> Collected data

************

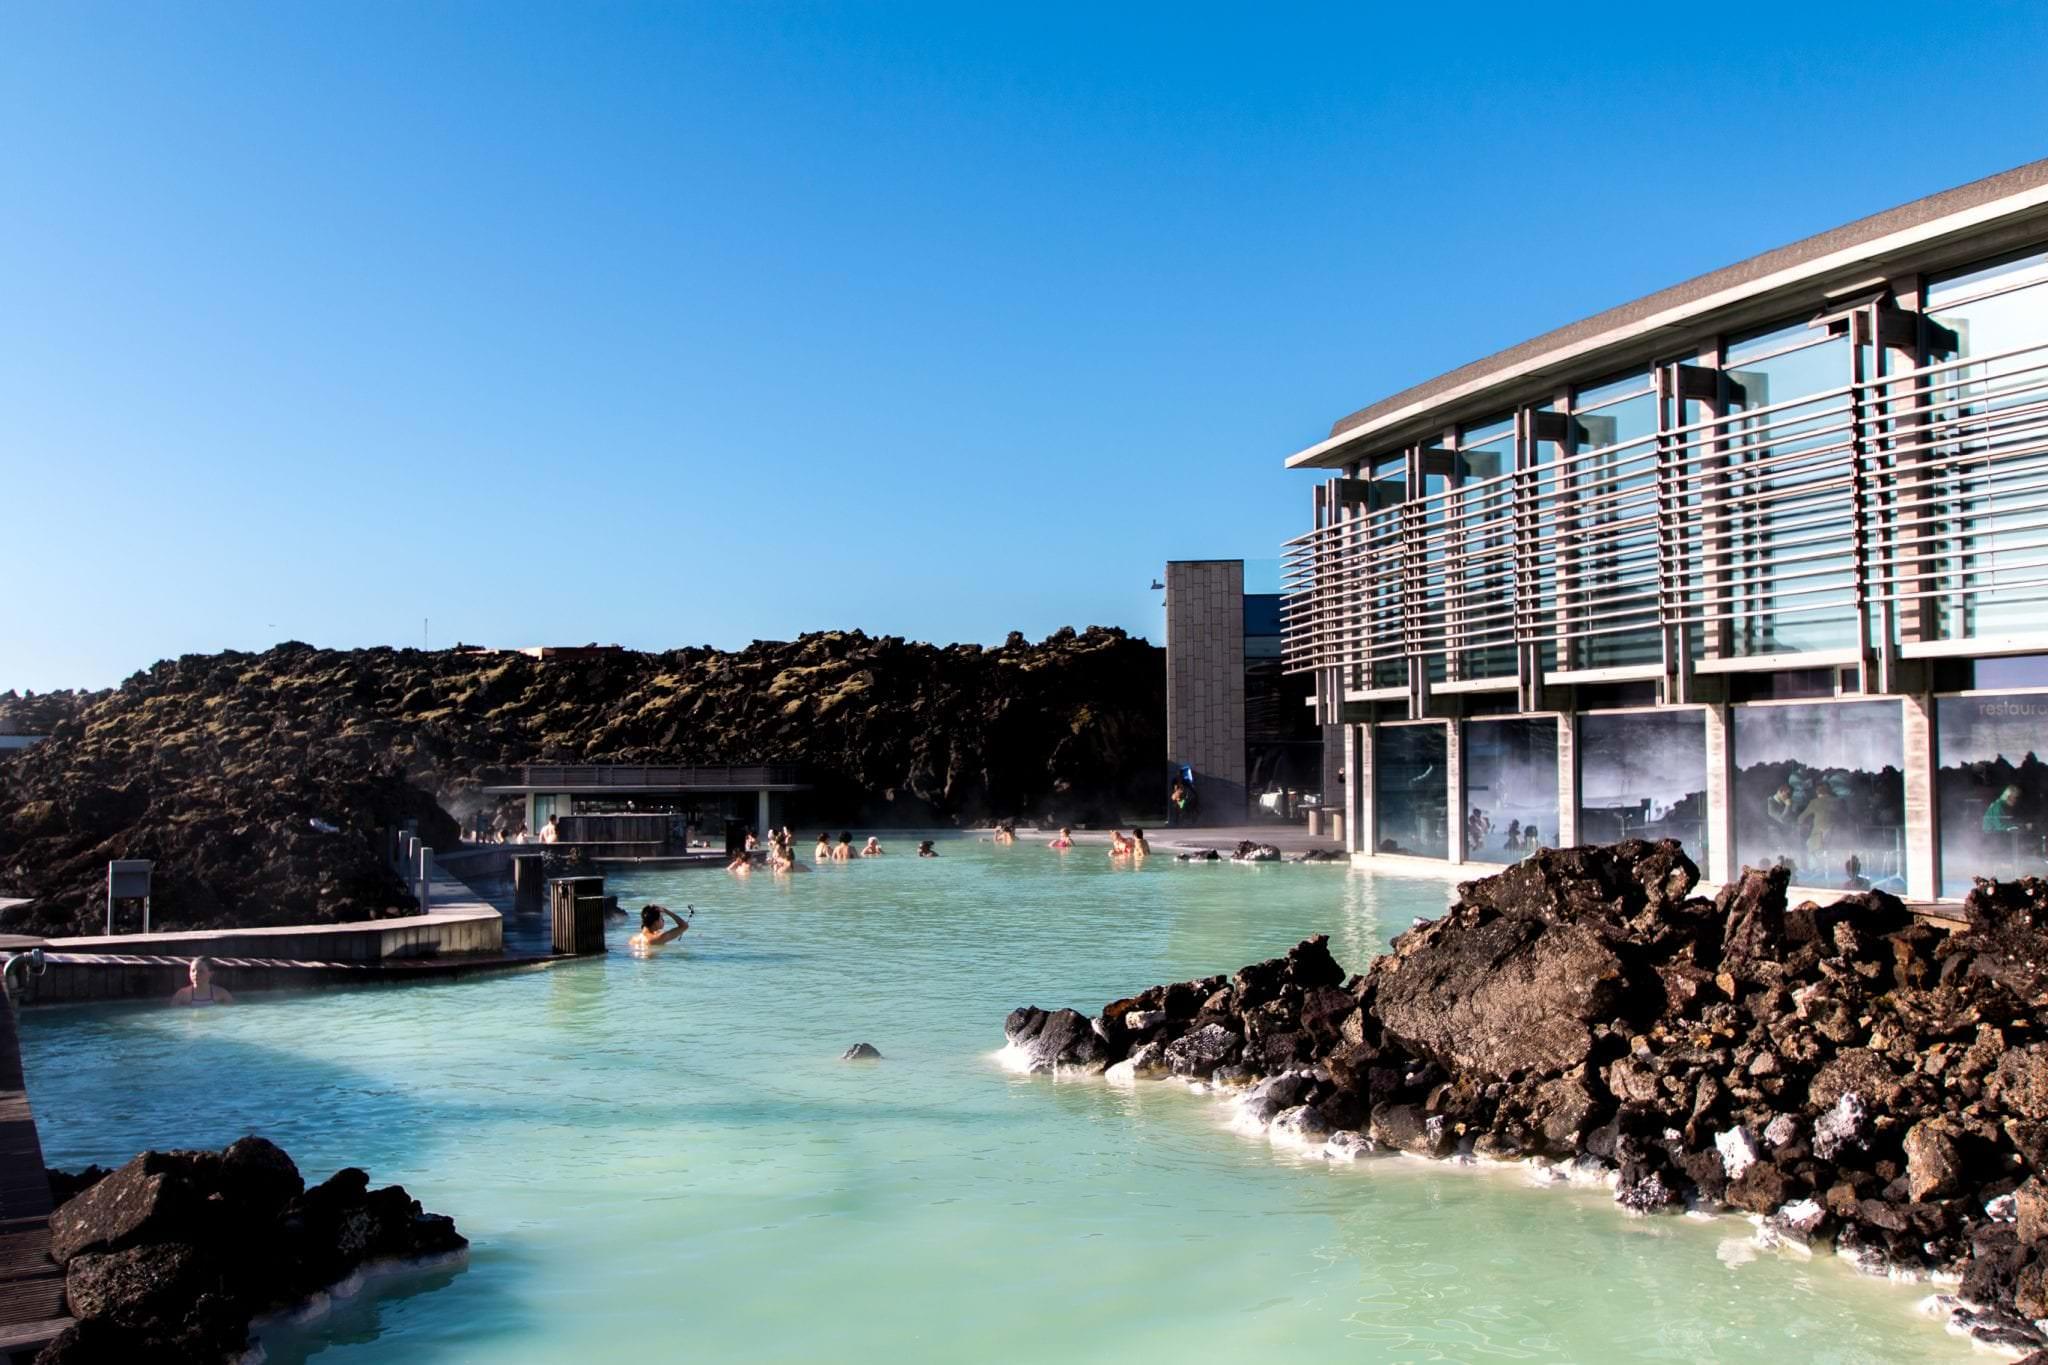 The Blue Lagoon in Reykjanes Peninsula
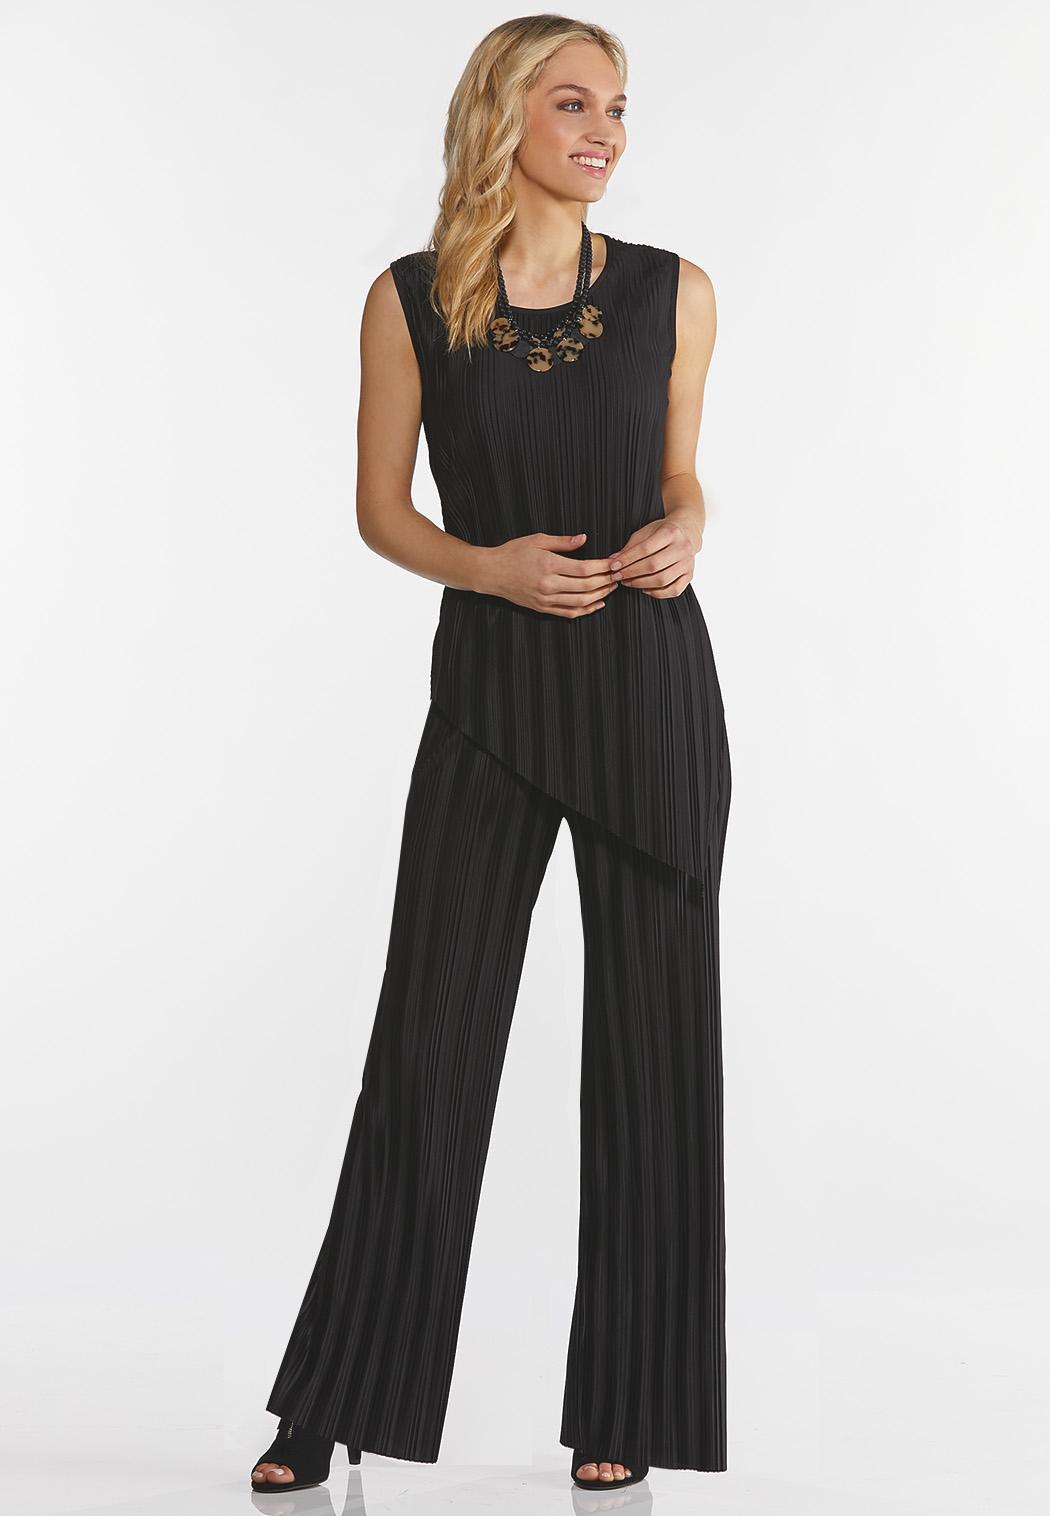 Plus Size Black Pleated Pant Set
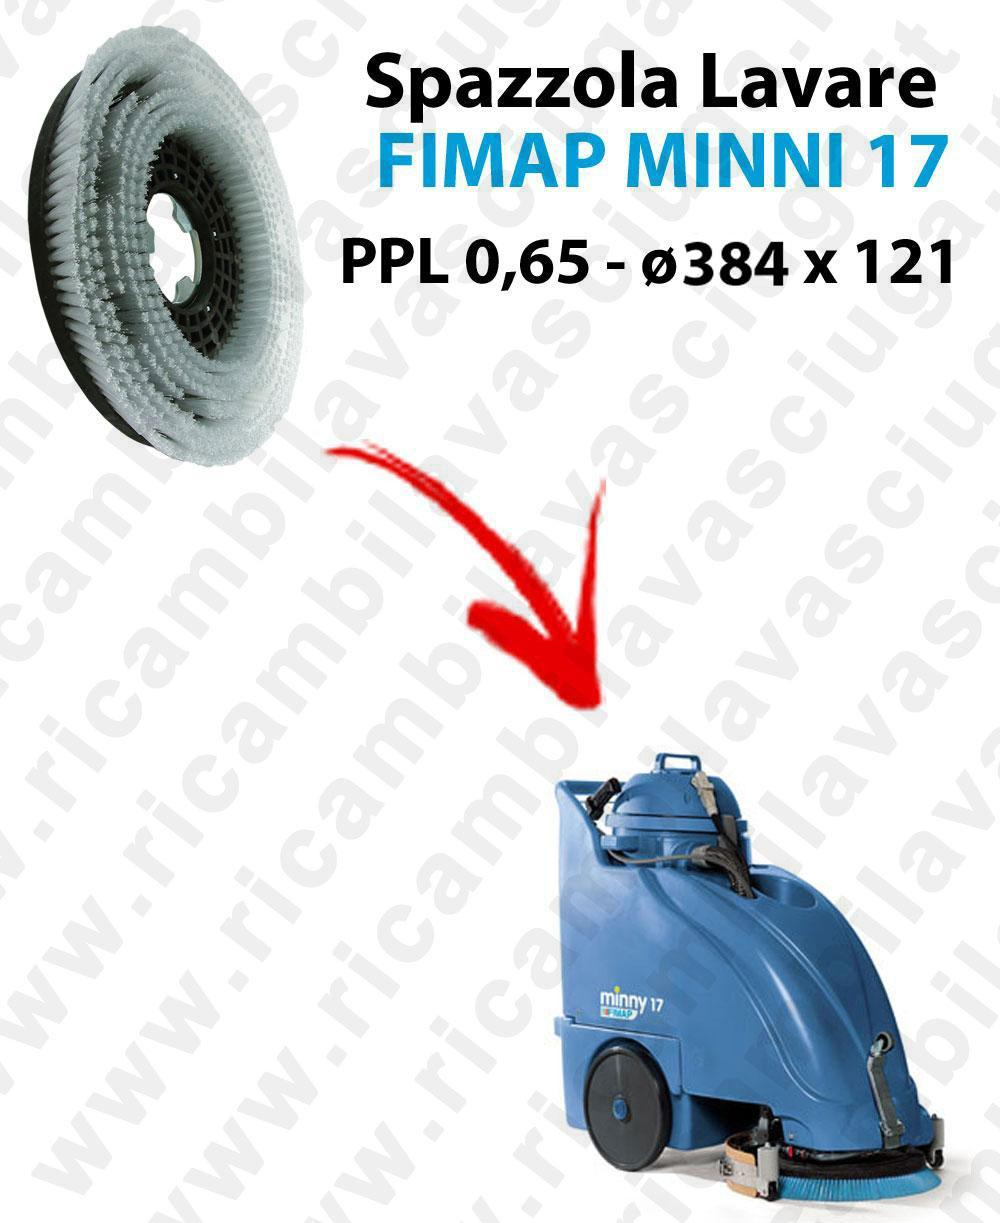 CEPILLO DE LAVADO  para fregadora FIMAP MINNY 17. modelo: PPL 0

************

> Your task
Write out the material above again, word for word, minus its pictures.

> Result for this exercise
 The Blue Lagoon in Reykjanes Peninsula
 Plus Size Black Pleated Pant Set
 CEPILLO DE LAVADO  para fregadora FIMAP MINNY 17. modelo: PPL 0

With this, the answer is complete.